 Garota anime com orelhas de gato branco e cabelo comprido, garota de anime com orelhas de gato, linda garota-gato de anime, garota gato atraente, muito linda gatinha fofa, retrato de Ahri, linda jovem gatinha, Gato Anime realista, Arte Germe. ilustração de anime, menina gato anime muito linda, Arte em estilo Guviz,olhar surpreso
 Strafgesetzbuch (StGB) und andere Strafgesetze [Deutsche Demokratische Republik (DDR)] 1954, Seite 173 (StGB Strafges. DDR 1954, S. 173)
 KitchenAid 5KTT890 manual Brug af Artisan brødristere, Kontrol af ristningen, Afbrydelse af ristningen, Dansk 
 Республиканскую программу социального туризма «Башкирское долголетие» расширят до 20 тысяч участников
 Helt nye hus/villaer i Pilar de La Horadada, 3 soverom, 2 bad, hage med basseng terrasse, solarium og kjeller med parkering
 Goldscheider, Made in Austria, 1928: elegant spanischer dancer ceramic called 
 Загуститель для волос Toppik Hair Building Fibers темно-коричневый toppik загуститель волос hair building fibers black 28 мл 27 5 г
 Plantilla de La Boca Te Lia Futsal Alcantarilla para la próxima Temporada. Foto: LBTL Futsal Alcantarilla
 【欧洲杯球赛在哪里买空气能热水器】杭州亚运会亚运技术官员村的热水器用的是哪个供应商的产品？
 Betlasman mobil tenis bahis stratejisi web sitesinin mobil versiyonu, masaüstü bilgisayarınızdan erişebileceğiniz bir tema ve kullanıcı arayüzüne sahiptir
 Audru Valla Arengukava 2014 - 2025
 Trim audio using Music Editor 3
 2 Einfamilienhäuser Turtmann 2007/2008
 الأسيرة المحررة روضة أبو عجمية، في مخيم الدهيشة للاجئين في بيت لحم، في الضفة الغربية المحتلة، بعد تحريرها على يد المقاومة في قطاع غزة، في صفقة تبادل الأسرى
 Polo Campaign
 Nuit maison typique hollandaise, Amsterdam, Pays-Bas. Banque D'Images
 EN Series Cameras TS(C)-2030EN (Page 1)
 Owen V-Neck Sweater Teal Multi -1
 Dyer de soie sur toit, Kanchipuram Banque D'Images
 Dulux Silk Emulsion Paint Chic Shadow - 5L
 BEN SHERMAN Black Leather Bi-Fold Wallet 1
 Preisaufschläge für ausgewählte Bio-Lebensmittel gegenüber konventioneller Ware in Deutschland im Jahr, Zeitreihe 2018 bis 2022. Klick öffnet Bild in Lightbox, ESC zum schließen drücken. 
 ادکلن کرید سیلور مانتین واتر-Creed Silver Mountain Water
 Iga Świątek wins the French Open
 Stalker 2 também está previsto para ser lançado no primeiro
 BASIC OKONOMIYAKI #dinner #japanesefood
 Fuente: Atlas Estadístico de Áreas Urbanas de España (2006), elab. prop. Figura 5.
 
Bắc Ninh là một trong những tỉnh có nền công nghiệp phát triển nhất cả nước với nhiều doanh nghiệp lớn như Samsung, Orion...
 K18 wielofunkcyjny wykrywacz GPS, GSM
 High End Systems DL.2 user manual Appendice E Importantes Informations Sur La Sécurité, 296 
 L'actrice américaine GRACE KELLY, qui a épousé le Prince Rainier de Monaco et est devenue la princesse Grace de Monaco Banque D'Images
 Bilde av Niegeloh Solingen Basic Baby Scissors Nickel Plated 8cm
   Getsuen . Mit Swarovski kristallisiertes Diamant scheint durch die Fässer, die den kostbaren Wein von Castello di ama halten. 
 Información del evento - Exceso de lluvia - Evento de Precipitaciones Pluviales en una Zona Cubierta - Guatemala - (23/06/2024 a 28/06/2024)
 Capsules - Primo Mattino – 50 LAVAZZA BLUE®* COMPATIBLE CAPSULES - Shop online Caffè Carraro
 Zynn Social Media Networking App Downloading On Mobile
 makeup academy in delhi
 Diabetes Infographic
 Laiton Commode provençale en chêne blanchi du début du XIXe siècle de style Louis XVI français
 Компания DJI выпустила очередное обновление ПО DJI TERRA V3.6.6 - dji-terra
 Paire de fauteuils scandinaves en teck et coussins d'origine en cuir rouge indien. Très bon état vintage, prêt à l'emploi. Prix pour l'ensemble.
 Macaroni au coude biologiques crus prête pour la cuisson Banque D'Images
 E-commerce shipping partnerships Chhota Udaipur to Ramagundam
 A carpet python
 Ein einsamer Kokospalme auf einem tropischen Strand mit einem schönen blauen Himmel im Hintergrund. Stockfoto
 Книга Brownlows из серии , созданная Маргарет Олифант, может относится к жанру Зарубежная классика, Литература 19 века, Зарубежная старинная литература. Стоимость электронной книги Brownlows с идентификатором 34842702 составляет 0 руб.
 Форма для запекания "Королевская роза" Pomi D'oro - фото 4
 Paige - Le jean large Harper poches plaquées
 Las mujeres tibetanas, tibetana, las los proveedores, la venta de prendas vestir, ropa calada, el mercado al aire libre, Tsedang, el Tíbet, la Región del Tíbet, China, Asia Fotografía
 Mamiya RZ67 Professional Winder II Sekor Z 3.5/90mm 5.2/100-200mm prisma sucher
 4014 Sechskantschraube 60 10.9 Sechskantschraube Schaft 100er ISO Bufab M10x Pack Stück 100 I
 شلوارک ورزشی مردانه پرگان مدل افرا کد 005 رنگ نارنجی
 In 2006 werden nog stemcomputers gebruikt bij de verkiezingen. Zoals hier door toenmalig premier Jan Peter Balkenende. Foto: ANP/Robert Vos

● ● ●

§ **Problem to work on**: Reproduce exactly the lines above from the line with "High End Systems" to the line with "Getsuen . Mit", including both, and add nothing.

§ **Task result**:
 High End Systems DL.2 user manual Appendice E Importantes Informations Sur La Sécurité, 296 
 L'actrice américaine GRACE KELLY, qui a épousé le Prince Rainier de Monaco et est devenue la princesse Grace de Monaco Banque D'Images
 Bilde av Niegeloh Solingen Basic Baby Scissors Nickel Plated 8cm
   Getsuen . Mit Swarovski kristallisiertes Diamant scheint durch die Fässer, die den kostbaren Wein von Castello di ama halten. 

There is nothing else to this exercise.